Exercise brief:
When the line with "The Homes for" turns up below, begin repeating exactly, and carry on through the line with "Externalities and Tourist"; no pictures go into the copy.

Source data:
>>

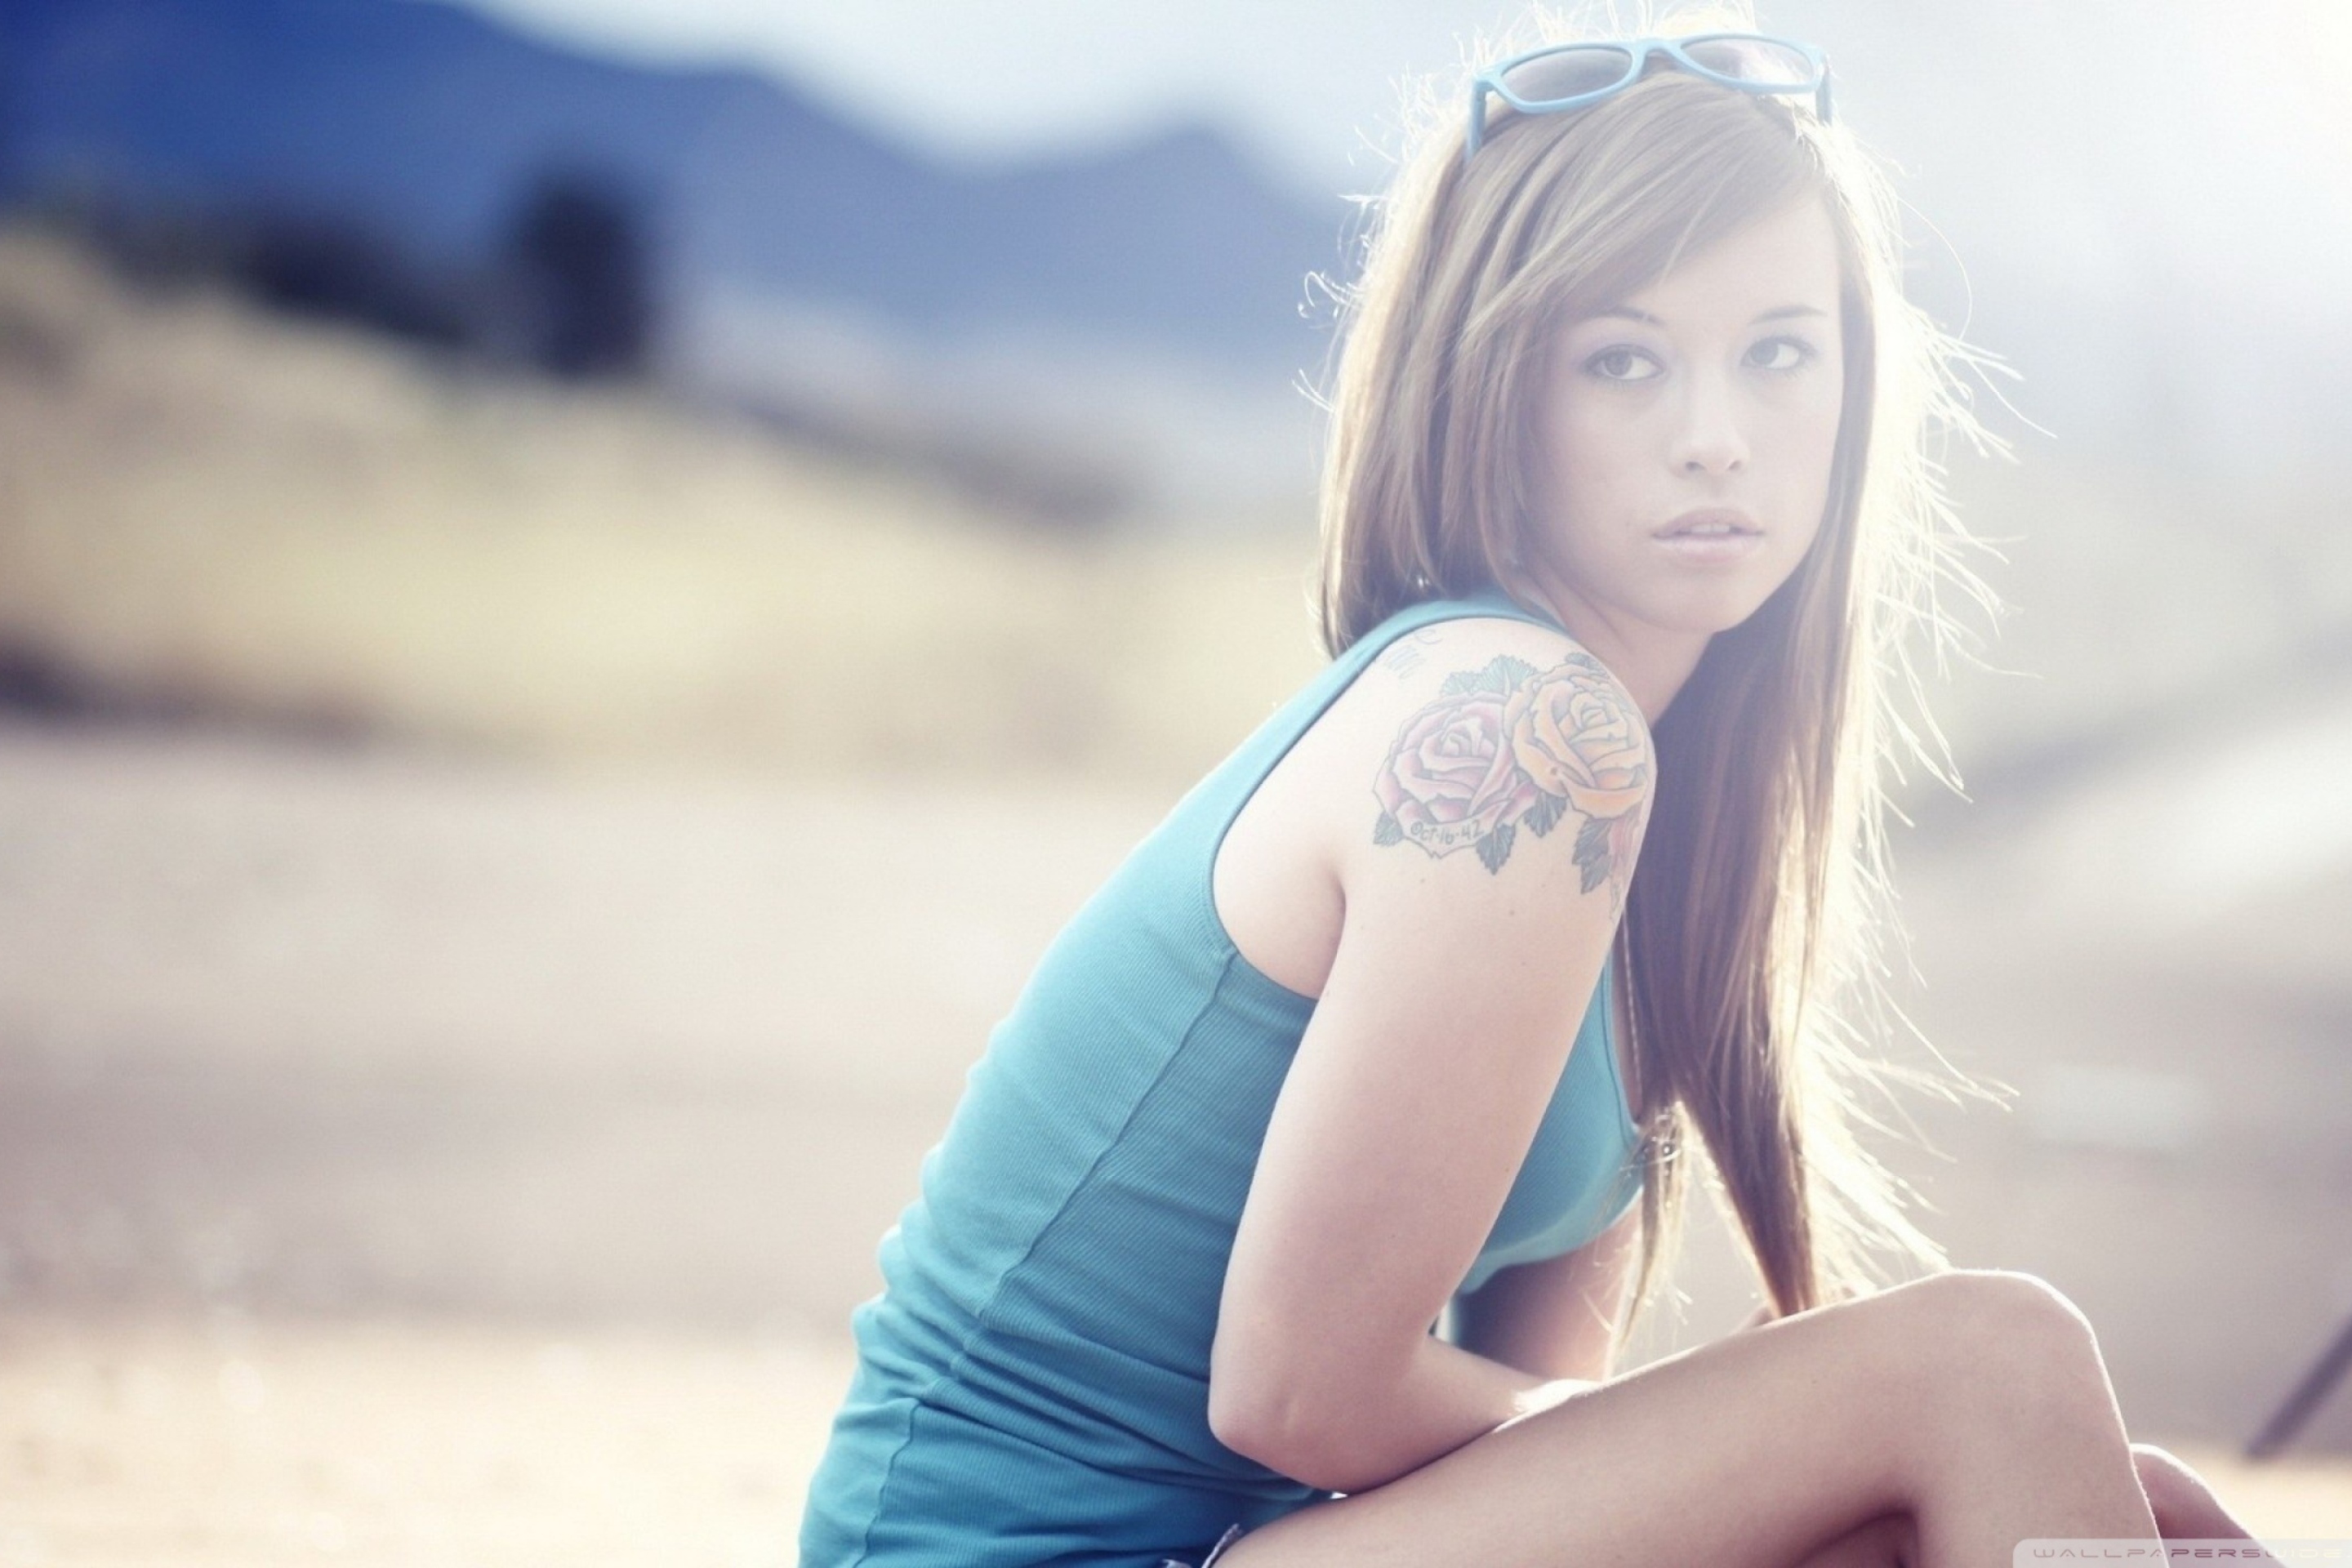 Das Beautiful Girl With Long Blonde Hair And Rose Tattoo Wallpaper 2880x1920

<<
>>

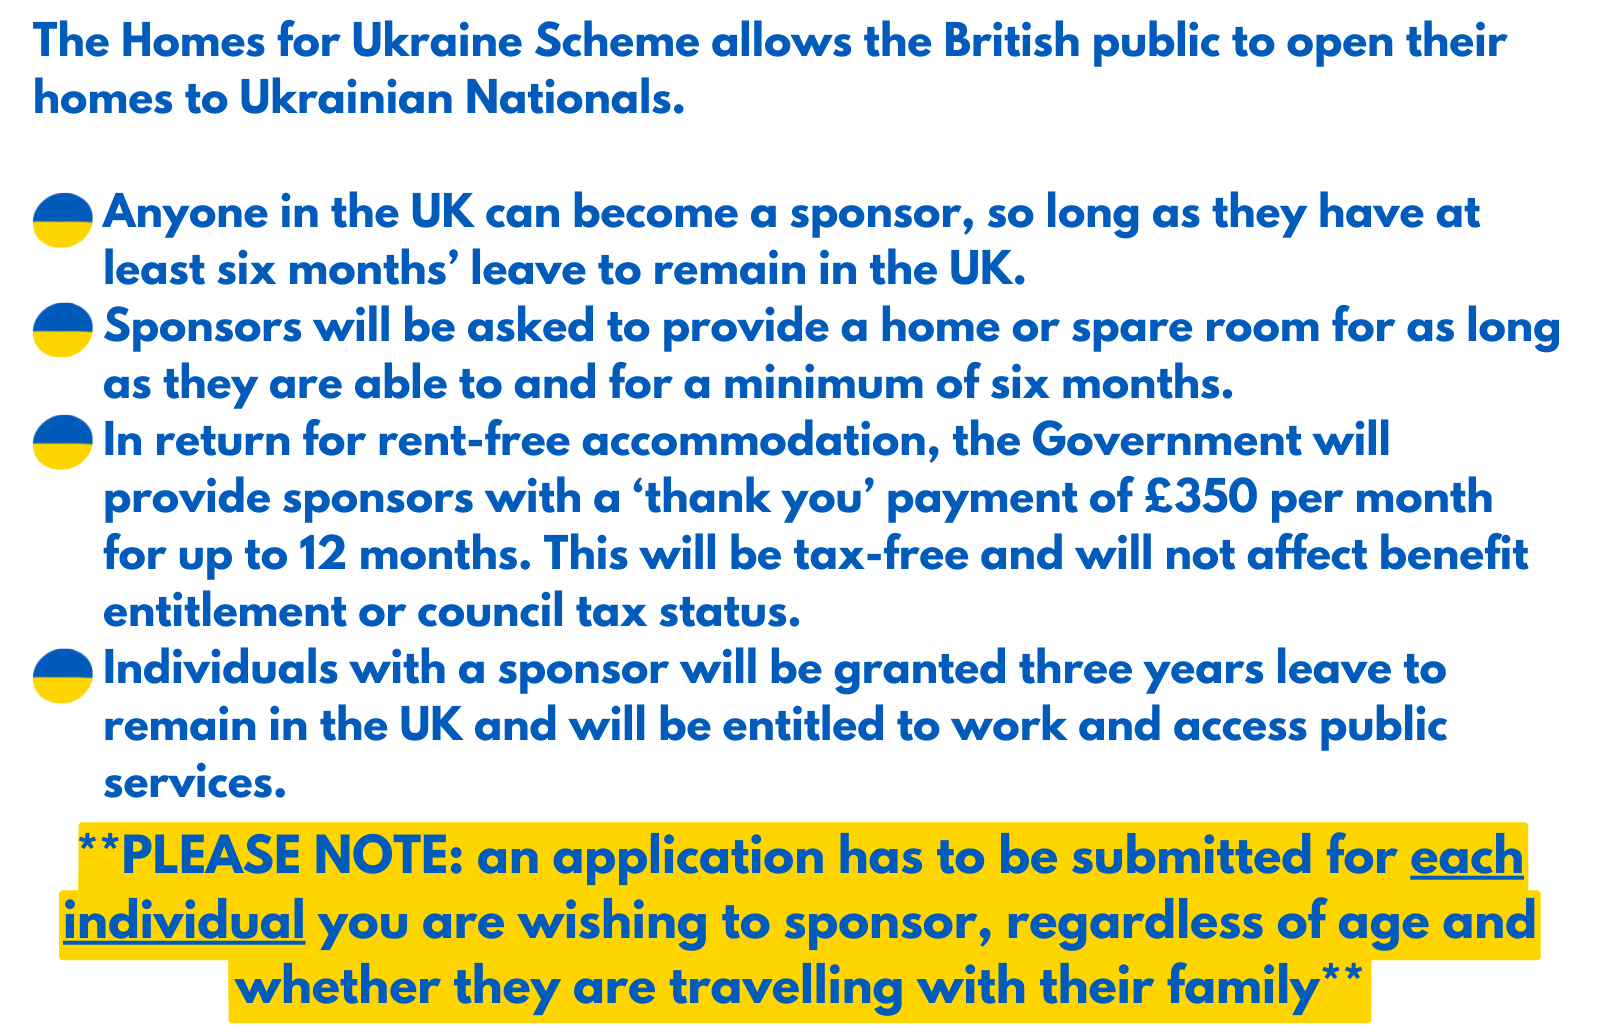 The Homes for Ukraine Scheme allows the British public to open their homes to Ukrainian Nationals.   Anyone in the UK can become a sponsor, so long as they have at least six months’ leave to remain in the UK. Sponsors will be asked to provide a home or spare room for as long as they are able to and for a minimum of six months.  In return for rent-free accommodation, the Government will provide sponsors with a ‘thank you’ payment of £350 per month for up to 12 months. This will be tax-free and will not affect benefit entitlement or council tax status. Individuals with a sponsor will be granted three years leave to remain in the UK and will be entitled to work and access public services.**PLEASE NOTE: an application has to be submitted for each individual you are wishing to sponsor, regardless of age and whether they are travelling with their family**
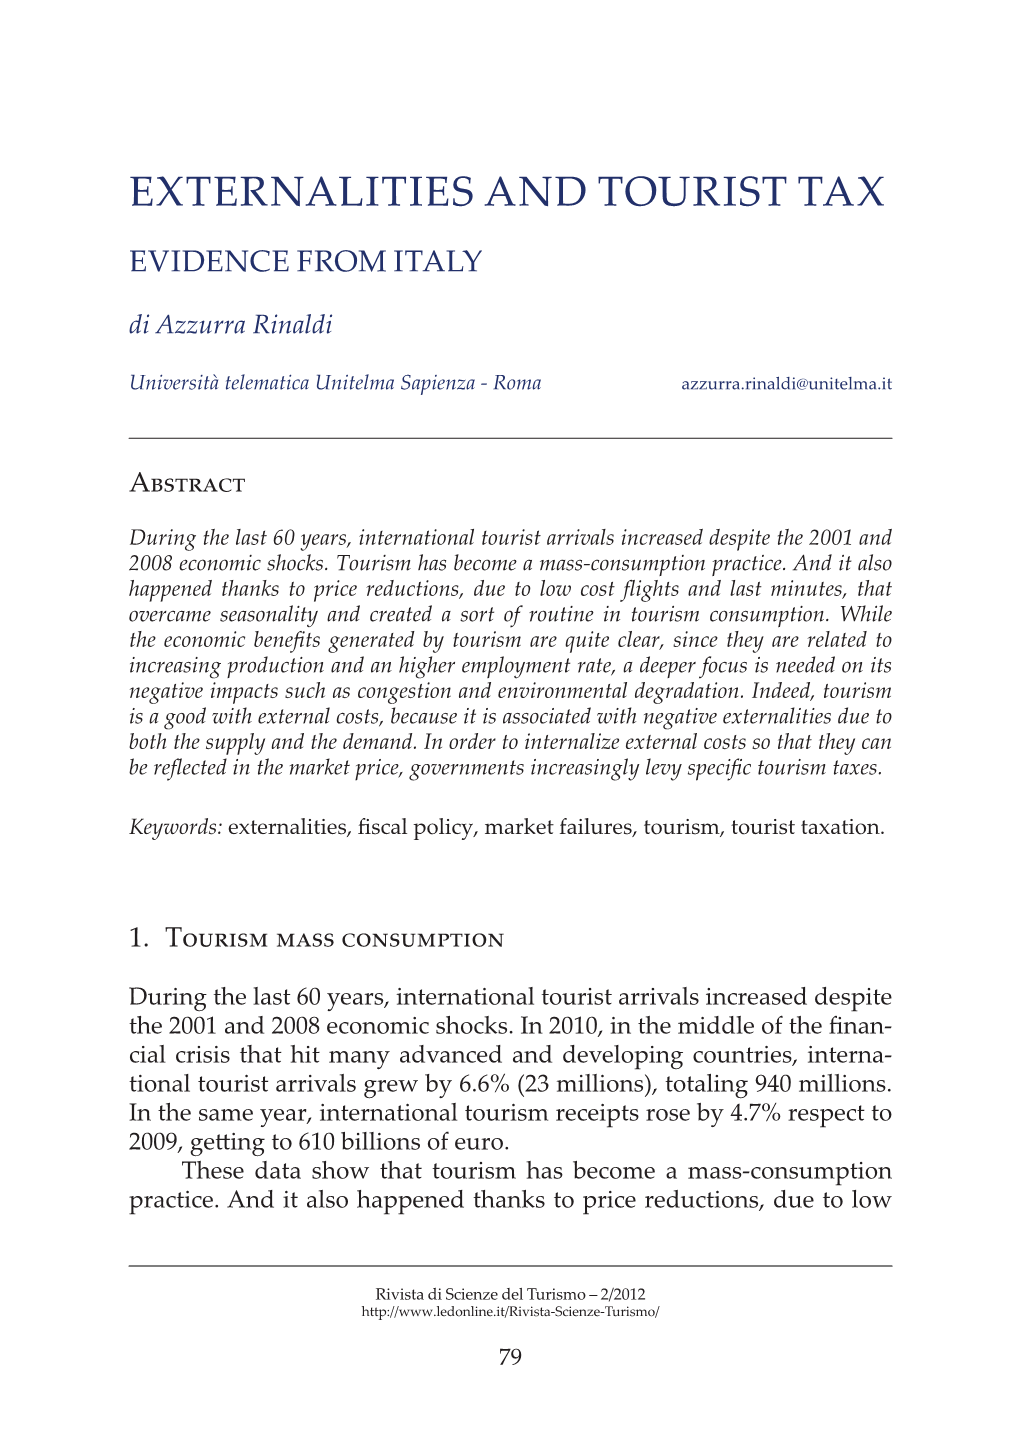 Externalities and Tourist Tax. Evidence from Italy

<<
>>

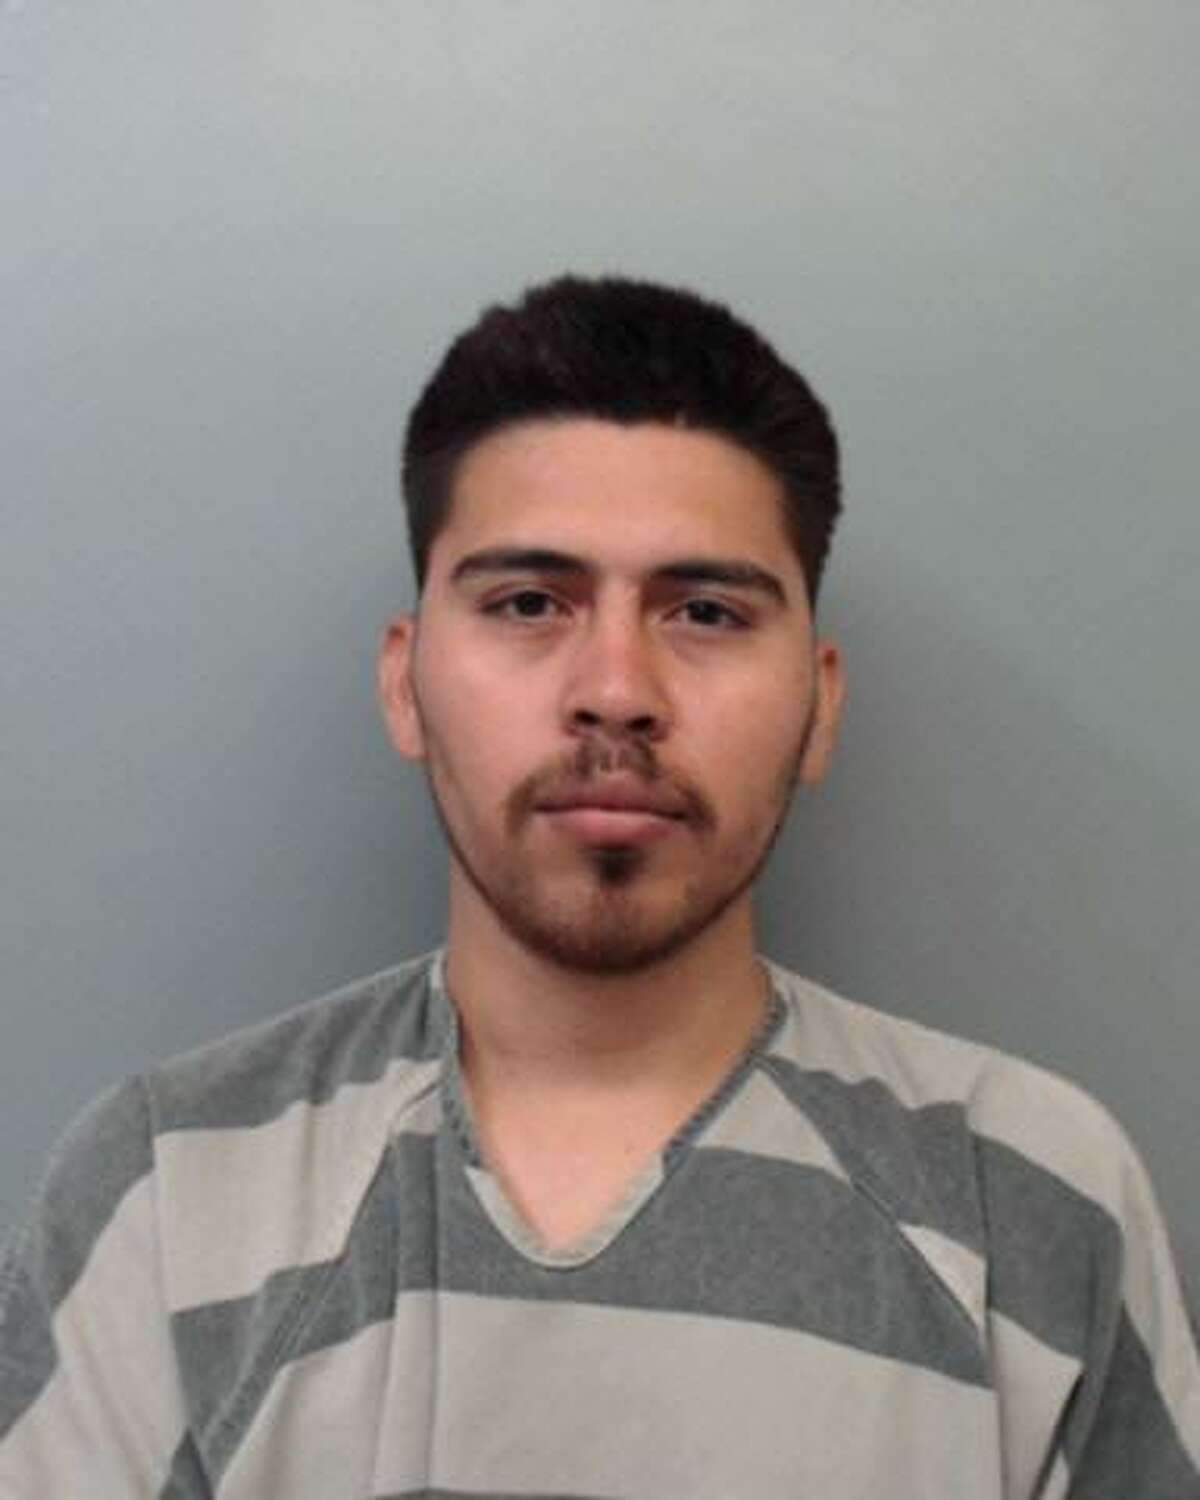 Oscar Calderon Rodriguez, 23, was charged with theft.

<<

Answer to this problem:
 The Homes for Ukraine Scheme allows the British public to open their homes to Ukrainian Nationals.   Anyone in the UK can become a sponsor, so long as they have at least six months’ leave to remain in the UK. Sponsors will be asked to provide a home or spare room for as long as they are able to and for a minimum of six months.  In return for rent-free accommodation, the Government will provide sponsors with a ‘thank you’ payment of £350 per month for up to 12 months. This will be tax-free and will not affect benefit entitlement or council tax status. Individuals with a sponsor will be granted three years leave to remain in the UK and will be entitled to work and access public services.**PLEASE NOTE: an application has to be submitted for each individual you are wishing to sponsor, regardless of age and whether they are travelling with their family**
 Externalities and Tourist Tax. Evidence from Italy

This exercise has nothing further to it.